Chromogranin A in serum can, however, be raised for a series of other conditions such as medications for ulcers/dyspepsia (proton pump inhibitors, H2 antagonists), gastritis, renal failure, hepatic failure, and disturbances of other hormone-producing organs. Certain other cancer types can also cause elevated chromogranin A in serum. 

Interpretation of raised chromogranin A values can therefore be difficult. The test should not be taken randomly, but only if there is suspicion of a neuroendocrine tumor (6).

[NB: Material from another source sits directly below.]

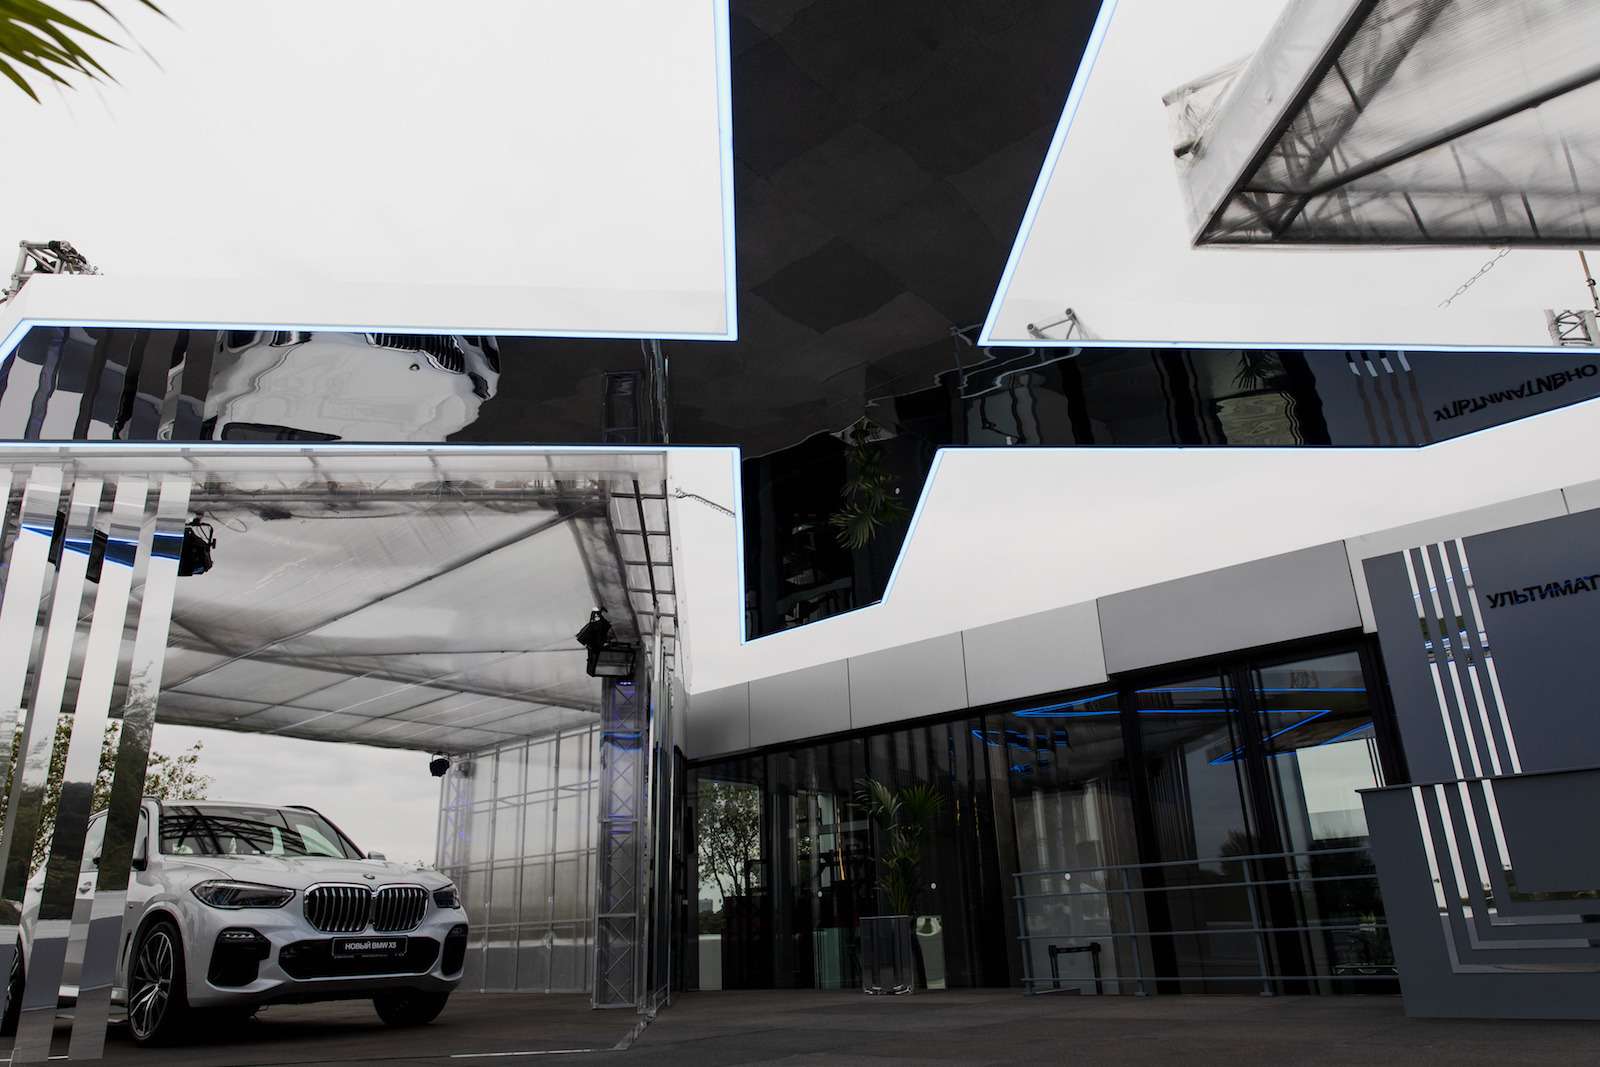 Абсолютно новый BMW X5 всплыл в Москве. Задолго до официальной премьеры! — фото 889828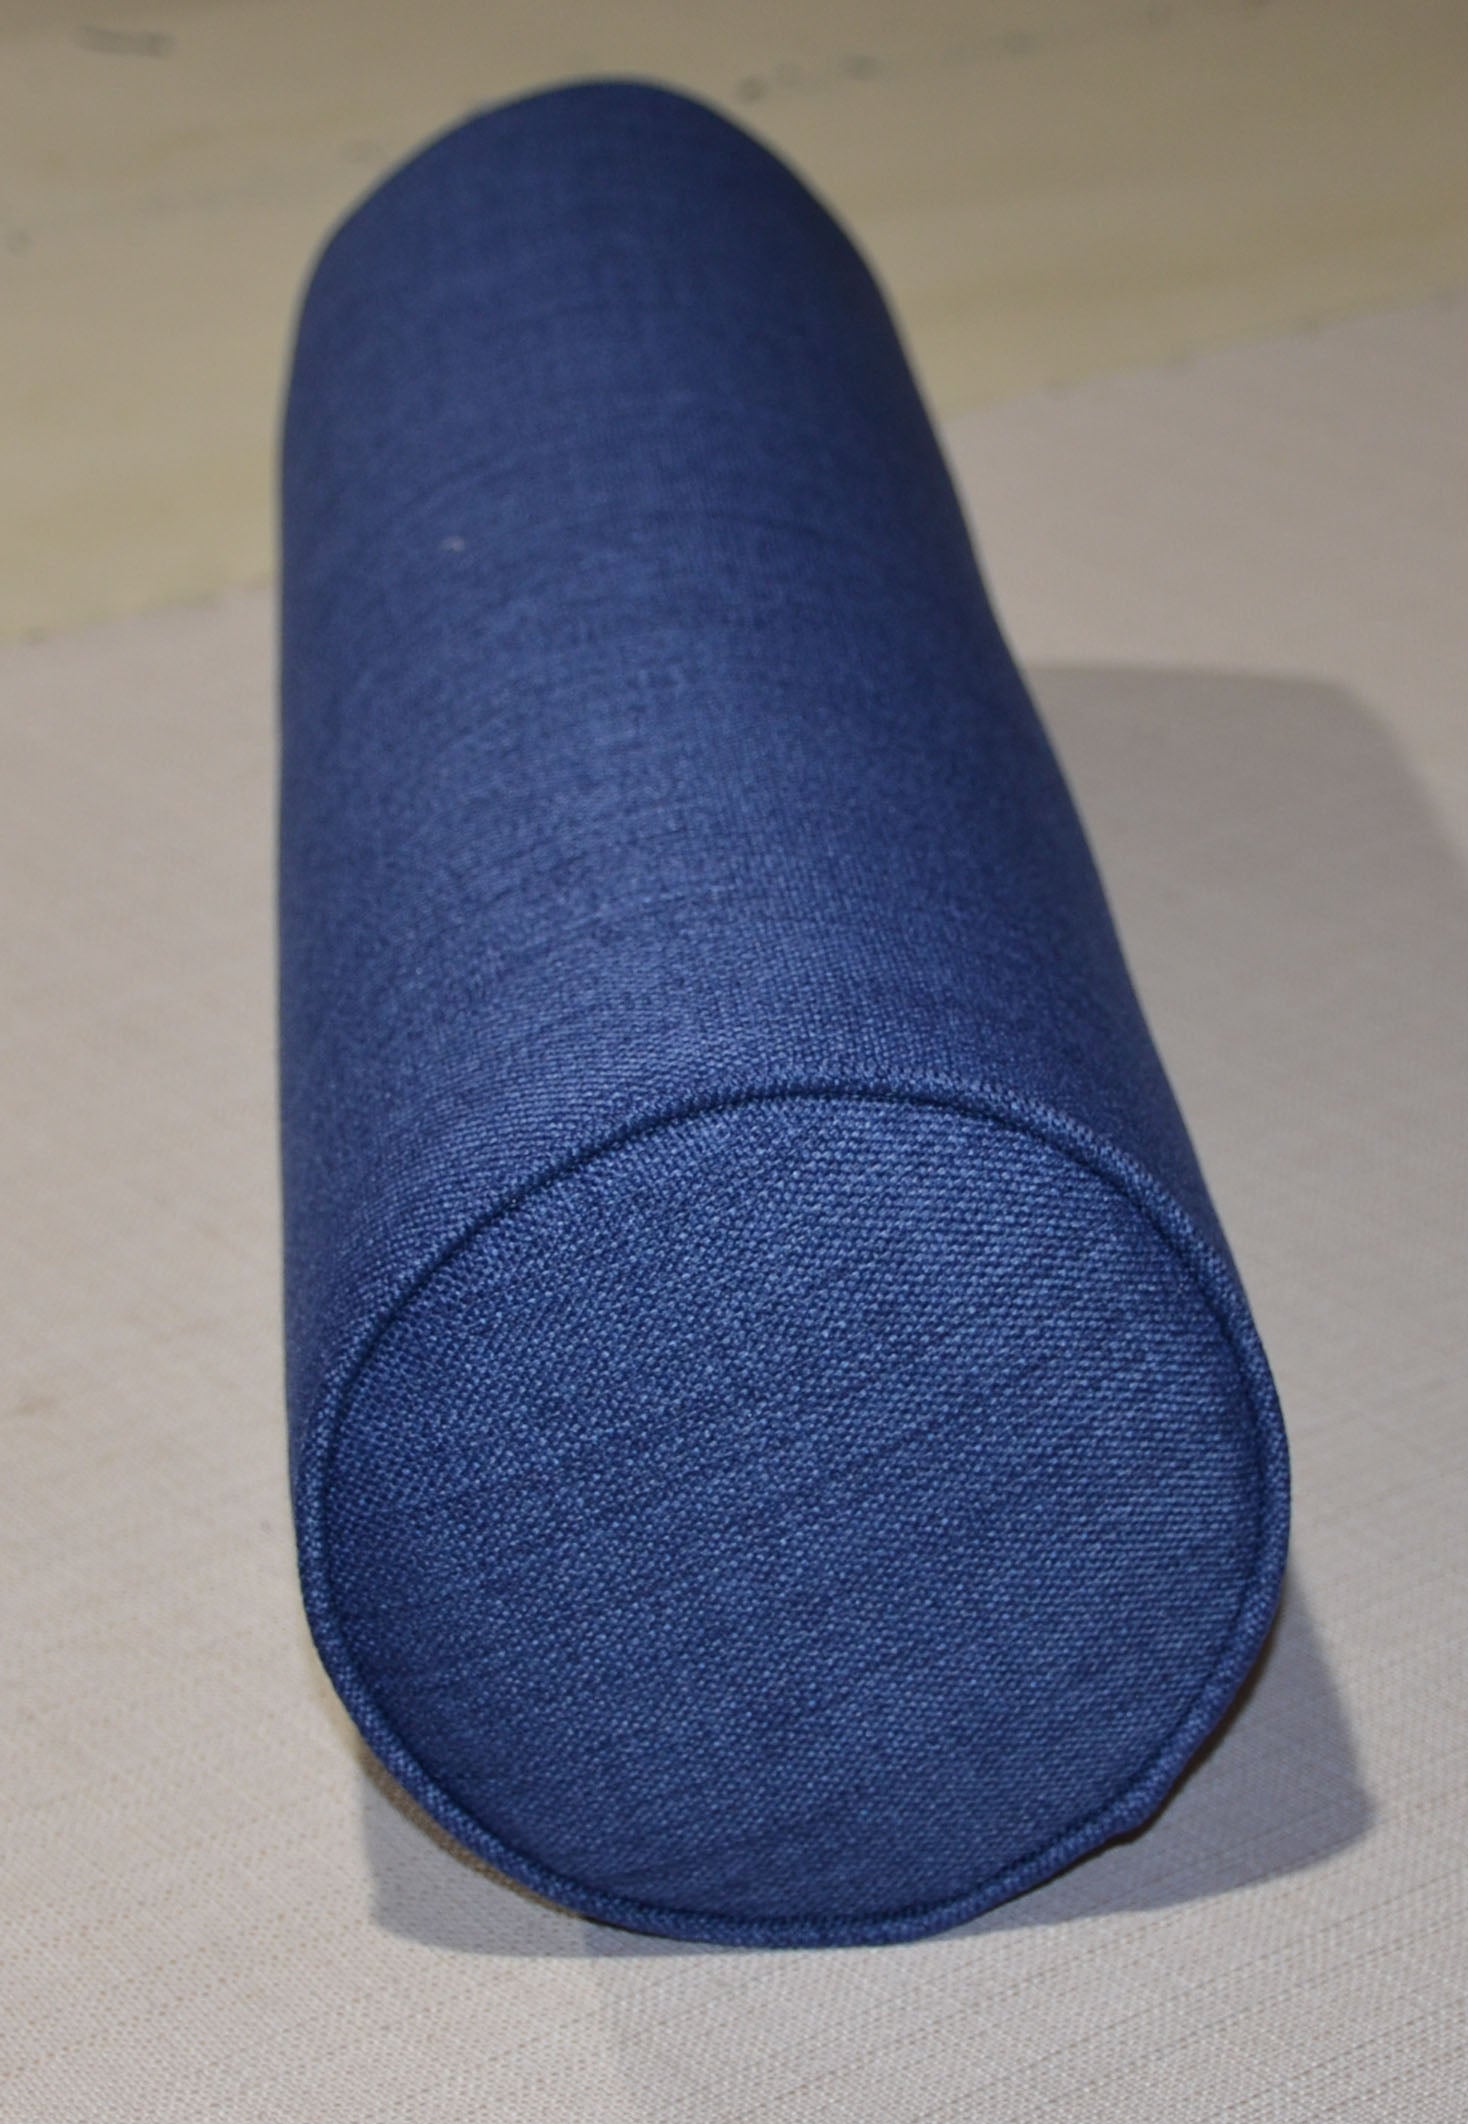 Round Bolster Pillow Cover . Lepap Navy Blue.

5-hydroxyindoleacetic acid (5-HIAA), which is a byproduct of serotonin, can be detected in raised levels in urine in 24 hours from patients with serotonin-producing tumors. These patients often have diarrhea and flushing. Elevated 5-HIAA is also found from tumors originating from the small intestines and first part of the colon. Raised levels are also observed after intake of certain foods such as bananas, tomoatoes, avocadoes, chocolate, pineapple, certain medications, and other diseases (7). 5-HIAA can be analyzed in a morning spot urine sample, 24-hour collection does not seem to be necessary.

Image diagnostics

A CT scan with oral and intravenous contrast is the most sensitive radiological examination. Images of both the arterial and potovenous phase are very important. Neuroendocrine tumors are normally hypervascular and are sometimes visible:  

  • only in the arterial phase
  • only in the venous phase
  • on MRI but not CT
  • only on ultrasound

A patient with liver metastasis may have some metastases which are only visible on CT and some which are only visible on MRI or ultrasound.

Intestinal MRI or X-ray with contrast can detect neuroendocrine tumors. The tumors can be <1 cm, and for the detection, the radiological procedures and interpretations must be of good quality.

Image examples:

  • CT
  • CT lungs 
  • Ultrasound
  • X-ray  

Endoscopic examinations

  • Gastroscopy is a useful work-up for neuroendocrine tumors in the stomach and duodenum . Small tumors in the stomach can be removed endoscopically.
  • Endoscopic ultrasound can detect tumors in the pancreas/duodenum which are not visible by CT/MRI/ordinary ultrasound.
  • Coloscopy may detect tumors in the colon and rectum. Small tumors can be removed during the procedure.

Octreotide scan

This type of scan is based on a radioactive isotope (as 111Indium) which is injected intravenously. This isotope which is attached to a somatostatin analogue (octreotide) binds to somatostatin receptors in the body. An increase of this tracer is detected by scanning the patient with a gamma camera. Over 50% of all neuroendocrine tumors have somatostatin receptors and will only be visible on octreotide scintigraphy . The tumor should normally be 1 cm or greater to be detected. Octreotide scintigraphy is not very specific for neuroendocrine tumors. Uptake is observed in a series of cancer forms such as lung cancer, lymphomas, and breast cancer. Inflammatory processes may also give rise to positive scans.


PET with 18F-FDG as a tracer is not very sensitive for neuroendocrine tumors and does not have a place in routine work-up. Some tracers, for instance 68Gallium, has a very high sensitivity for neuroendocrine tumors.